Standing in the middle of the four-and-a-half-acre flight deck, overlooked by the Royal Liver Building, he added: “I am delighted to be in charge of the Royal Navy’s latest and biggest-ever warship.

“We’ve been planning this visit for six months and had two Mersey pilots. This is a tough river to navigate and we planned our arrival to the minute on the tide and turning on the ebb into the landing stage. In spite of the rough weather it was achieved right on time.

“It’s really important to have a ‘carrier navy’ as it gives us more choice having a strike force capability, especially in a post-Brexit world. It also gives much more flexibility having a more global navy able to undertake a peace-keeping role and going into some difficult areas.

“It was sad to see the previous generation of carriers go, but after a 10 year gap with the completion of Prince of Wales and Queen Elizabeth we now have Europe’s premier carriers. We’re now back to being a ‘carrier navy’ nation and there are only five others in the world besides Britain: the US, France, Russia, India and China, with the latter two building up their fleets.

“China has just completed its third carrier and we need to be in the game on the world stage to play a proper and effective role to fulfil our NATO and United Nations Security Council membership commitments.

“We shall meet our 2% GDP for NATO with our two carriers and use what we’ve got to be most effective. They’re vital to NATO and shall be joining in with the US task forces as the only two ships in the world built around the Lockheed Martin F35B.   

“However anything is vulnerable, especially a big ship like this, but we shall be well protected by a fleet of Type 45 and Type 26 destroyers and our own aircraft of 36 F35s and four helicopters.”

Captain DJM Houston
HMS Prince of Wales’ commanding officer, Capt Darren Houston. Picture courtesy of the Royal Navy
Peter Elson
LBN’s Peter Elson on board HMS Prince of Wales. Picture by Jason Roberts

 

Lt Cdr Martyn Mayge, the vessels chief navigator, said: “We’ve undergone trials off western Scotland and are on our way to do more off the South coast. The ship handles like a dream and we’ve a lot of power.

“As Liverpool is one of the few ports able to take us, it’s a priority to be here and open to visitors. The public need to see what they’ve paid for and that this ship represents the UK’s revitalised dominant maritime prowess.”

With a projected operational lifespan of 50 years, Capt Houston is adamant that the £6bn cost for the pair of carriers is “great value for tax payers’ money.”

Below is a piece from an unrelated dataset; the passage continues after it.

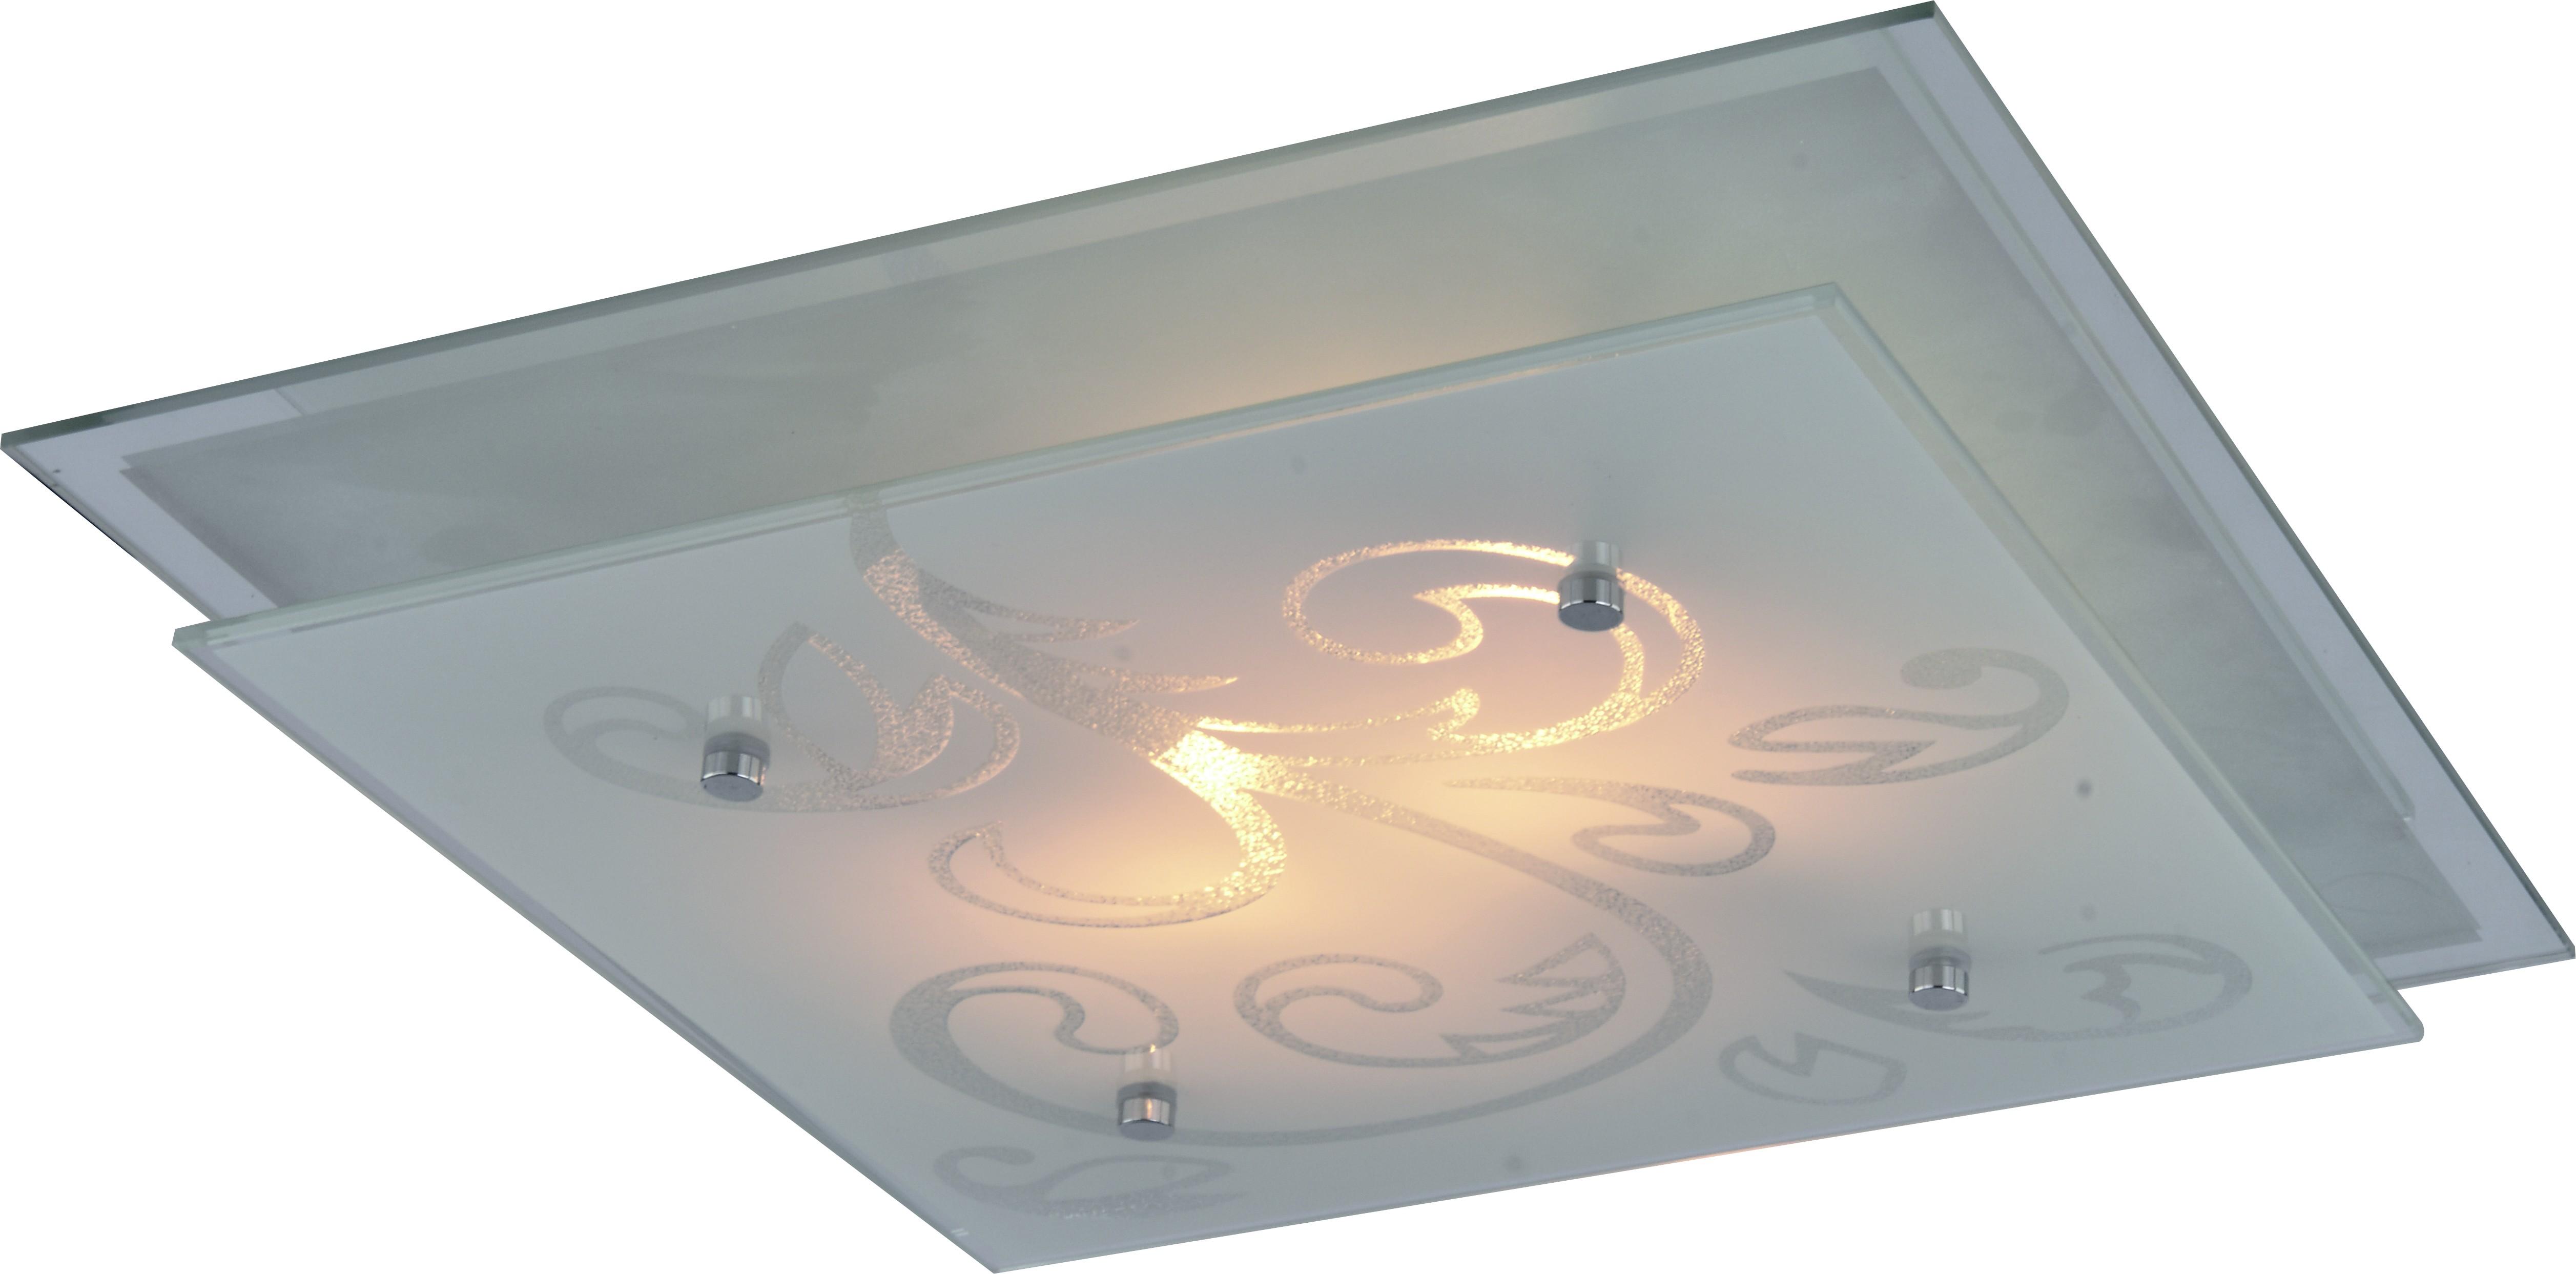 Светильник настенно-потолочный Arte lamp A4866pl-2cc светильник настенно потолочный arte lamp jasmine a4040pl 2cc 2x60вт e27 хром

Clearly then rumours about the death of British shipbuilding are premature. If the UK can build enormous warships of this complexity, why can’t British shipyards like Cammell Laird have a slice of building cruise liners like those yards in Italy, Germany, France and Scandinavia?

Their cost bases can’t be any lower than those in the UK. One benefit of being out of the EU is that the UK won’t have to comply with Brussels diktats on shipbuilding quotas.

Is it seriously better to have a big portion of Merseyside’s potential shipbuilding workforce perpetually laid-up on Universal Credit, rather than pursuing meaningful and purposeful careers to their own and the city region’s emotional and economic benefit?

My part in the proud link between HMS Prince of Wales and Liverpool

One of the proudest times in my career on the Liverpool Daily Post & Echo was the part I played in the affiliation of HMS Prince of Wales to Liverpool.

Interviewing Cdre John Madgwick, prior to his retirement in 2009 as Royal Navy Northern Regional Commander, in true hack-like manner I asked if he had a final story up his sleeve for a scoop. Like a real pro, he replied, “Yes, why don’t I say that the new aircraft carrier HMS Prince of Wales will be affiliated to Liverpool?”

To which I replied: “If you say it, I’ll write it!” With the result we duly got our front page scoop – and 10 years later here is the carrier in Liverpool amid much fanfare as the city’s ship. There is historical reasoning behind this affiliation, as the previous HMS Prince of Wales, a King George V battleship, was completed at Cammell Laird in 1940 during the Second World War.